Does anybody here read Playboy?
I've been told that they no longer show "kitty" as much as they used to, is this so?
I'm interested and a little surprised because I remember the first (of very few) Playboys I ever bought, as a teen in the seventies (maybe '77). If I remember correctly, it had an article and photoshoot (from a river trip, I think) celebrating a lovely raven "playmate of the year", and one of the photos had her on her knees with her back to the camera, looking back with a big smile, and her kitty was very visible indeed, which amazed and delighted us at that age. (Still sometimes delights me, if well done, but not so amazing these days.)
BTW, if the magazine no longer shows shows the vulva openly, surely this is not true of the web site (the "cyberclub")? Anybody tried it?
(Further by the by, I'm amazed at how relatively cheap that site is ($20/month), considering how huge it is and Playboy's status.)
15 comments:
From Wikipedia:-
In June 2009, the magazine reduced its publication schedule to 11 issues per year, with a combined July/August issue and on 11 August 2009, London's Daily Telegraph newspaper reported that Hugh Hefner had sold his English Manor house (next door to the famous Playboy Mansion) for $18 m ($10 m less than the reported asking price) to a Daren Metropoulos and that due to significant losses in the company's value (down from $1billion in 2000 to $84mil in 2009) the Playboy publishing empire is up for sale for $300 m.
Well, heck, maybe I'll buy it then, get some nice stuff in those pages again like they had in the fifties/sixties.
It wouldn't make any difference, for a few reasons:
Young guys today see Playboy as their father's or grandfather's nudie magazine. They are reading stuff like Maxim these days.
All magazines like newspapers are seeing declining readership.
Playboy really has had excellent articles since the beginning and is probably seen by Maxim readers as too highbrow.
Because of the internet there's no way the tame photos of Playboy can compete.
Yes, those are good points.
It's true they've had good articles. And stories too, they were the highest paying market for short stories and had stories by authors like Ray Bradbury (I read one of his in Playboy many years ago, maybe written for them, the title had "Laurel and Hardy" in it.)
The board minutes for the meetings that made and implemented their decision must be among the worst in ignorance the world has known since the days of the supposed wmd. "I move that we hide all paper versions of the vulva . . ." and seconded and discussed and voted through. Pure crap. Regardless of what they put online or what their competitors are doing, it's still pure ignorant crap.
Thanks, Sara, it's interesting to hear that it was a deliberate decision on board level.

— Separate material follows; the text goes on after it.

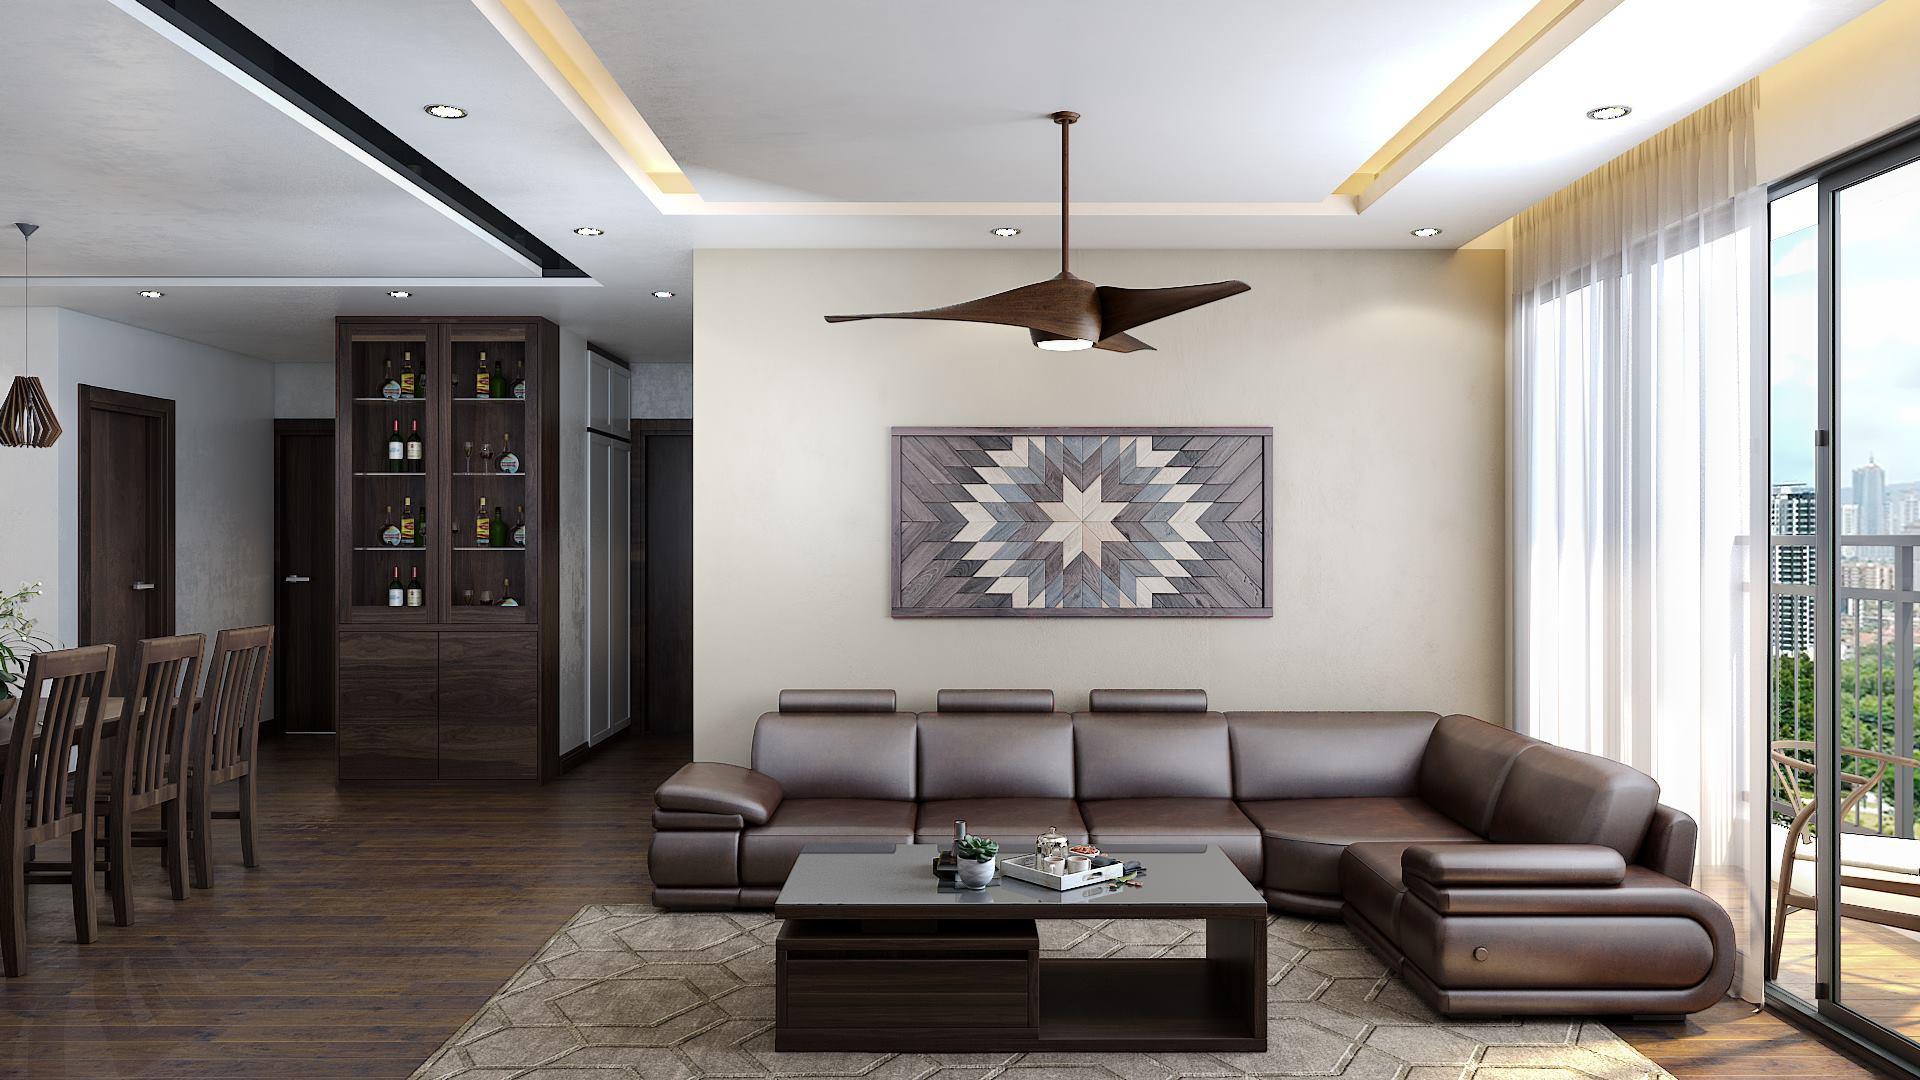 Thiết kế nội thất phòng khách chung cư cổ điển gia đình anh Nhật, Hà Đông

What was their given reason for the move?
Eolake tantalized...
"Well, heck, maybe I'll buy it then"
Seriously? That would be great!
Imagine, putting the Domai spirit in the winded body of aging Playboy, re-igniting the human beauty revolution in this half-jaded half-neoprude millenium.
I have a dream...
(Well, OK, it's a bit of a "wet dream", but come on, these are ENJOYABLE!)
"Because of the internet there's no way the tame photos of Playboy can compete."
I agree, they're VERY tame compared to what I see on an internet site called domai.com
Throw in a few GoddessNudes maybe...
I can just imagine: the male public suddenly abuzz with interest, and a new raging polemic about these "shameless women so brazenly seeming to innocently ENJOY themselves".
You can always sount on the fundies to give you the best advertising that money CAN'T buy. }:-)
the title had "Laurel and Hardy" in it.
Are you sure it wasn't "Tarzan"? Because I seem to remember something like that.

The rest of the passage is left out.